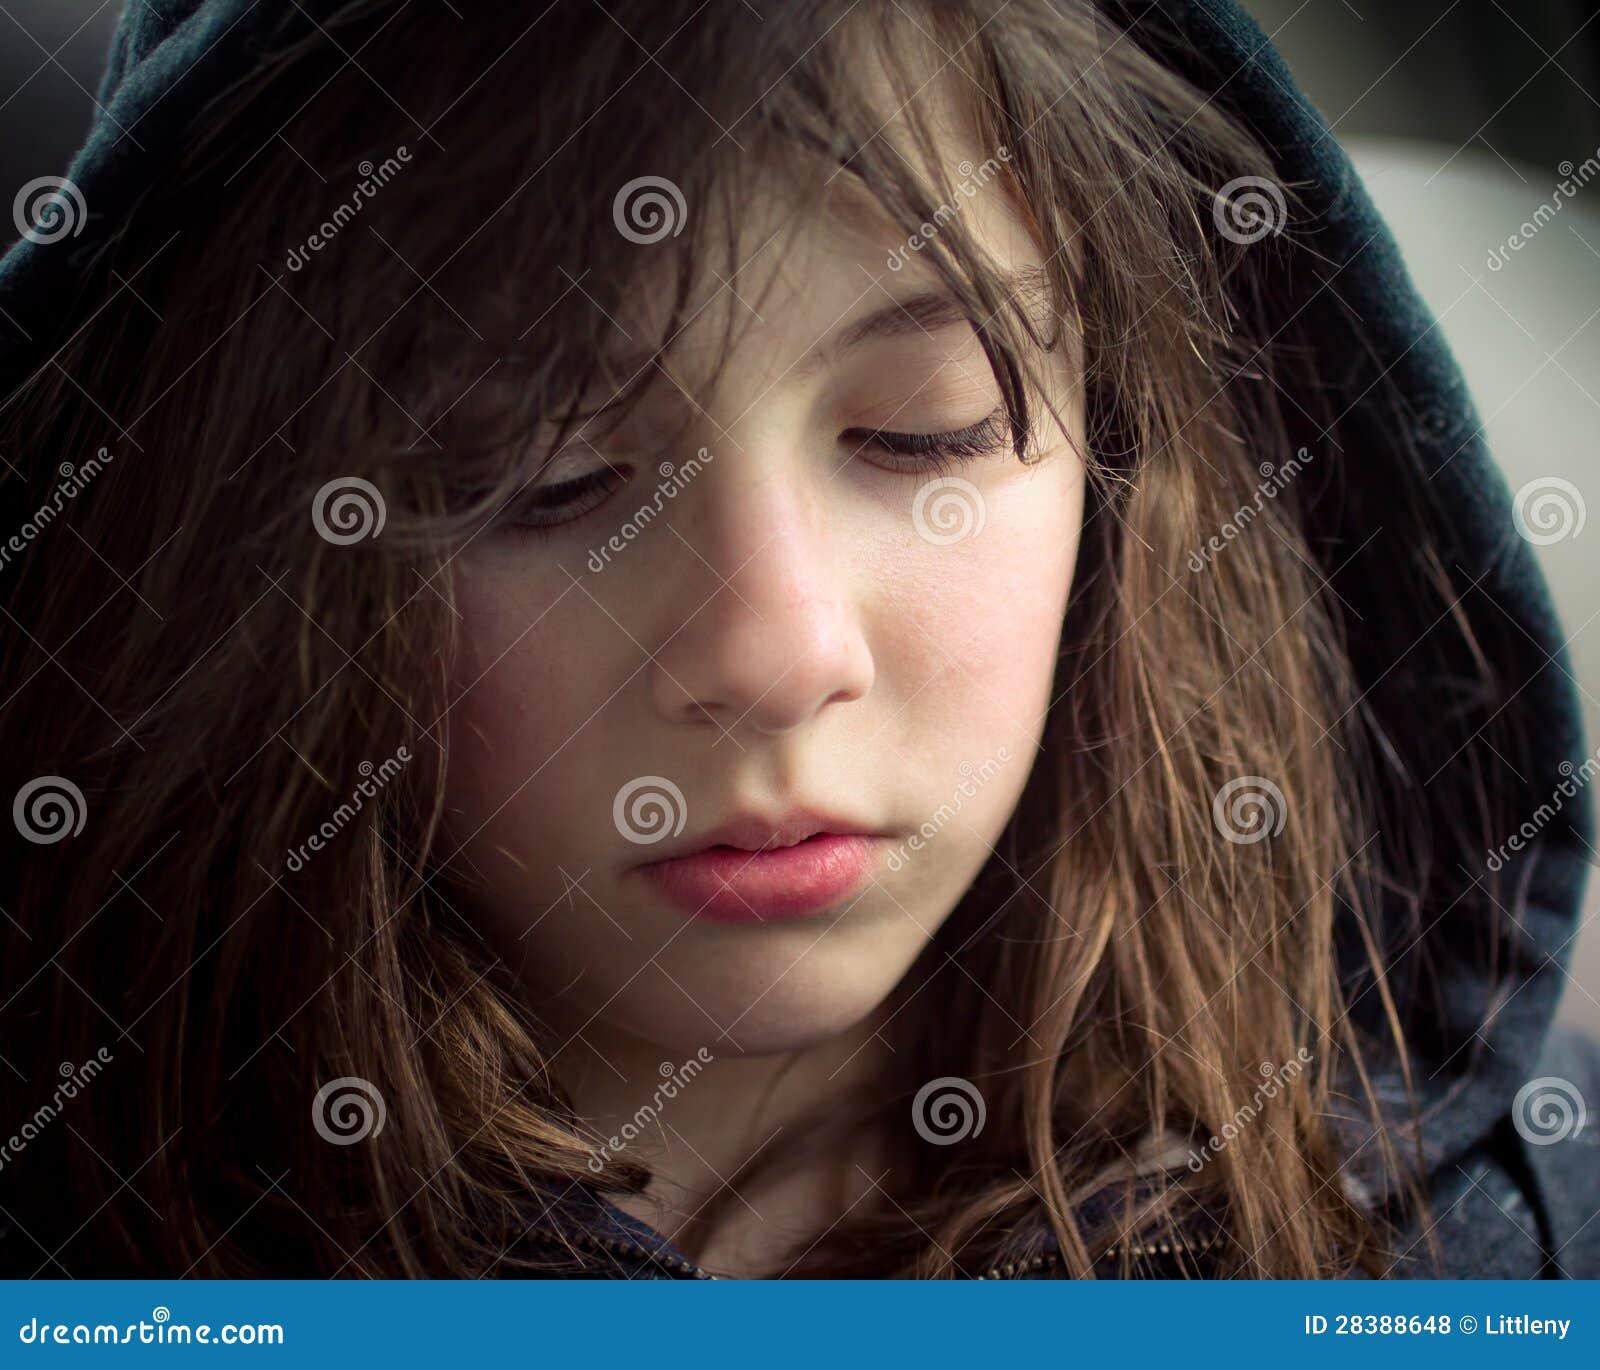 Sad Emotional Pics: Sad Girl Royalty Free Stock Photos
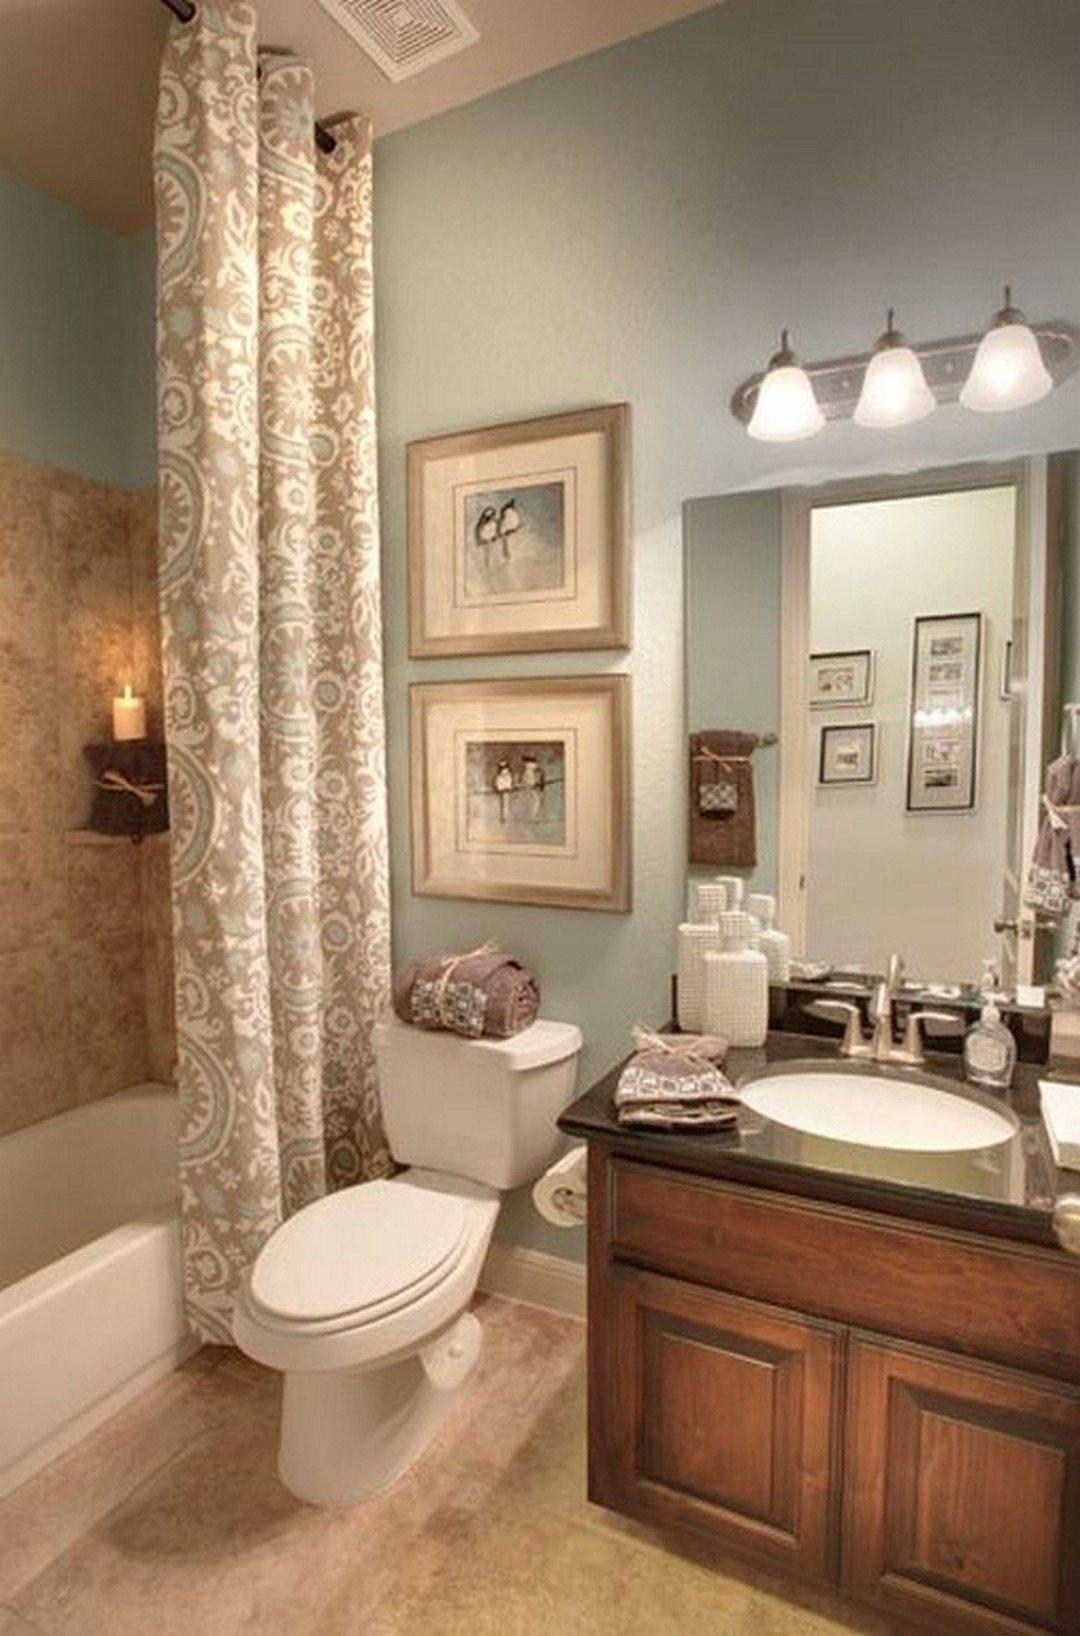 Bathroom Decor On A Budget Best Of Small Master Bathroom Decor A Bud 20 Echitecture
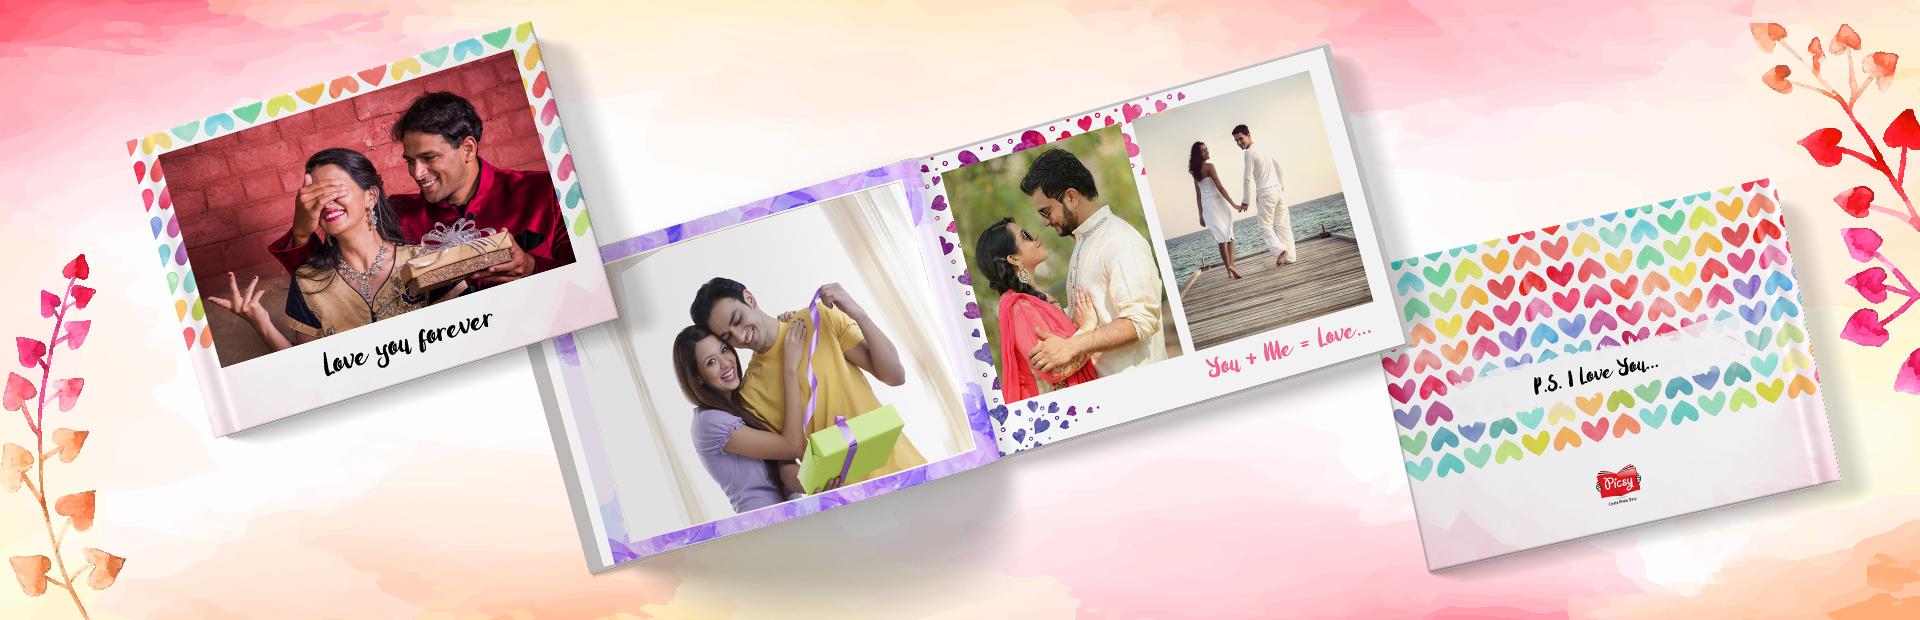 Love story Photo Books Online

- What is required: Exclude all pictures and return precisely the lines from the one containing "Bathroom Decor On" through the closing line of the data.

- Answer:
 Bathroom Decor On A Budget Best Of Small Master Bathroom Decor A Bud 20 Echitecture
 Love story Photo Books Online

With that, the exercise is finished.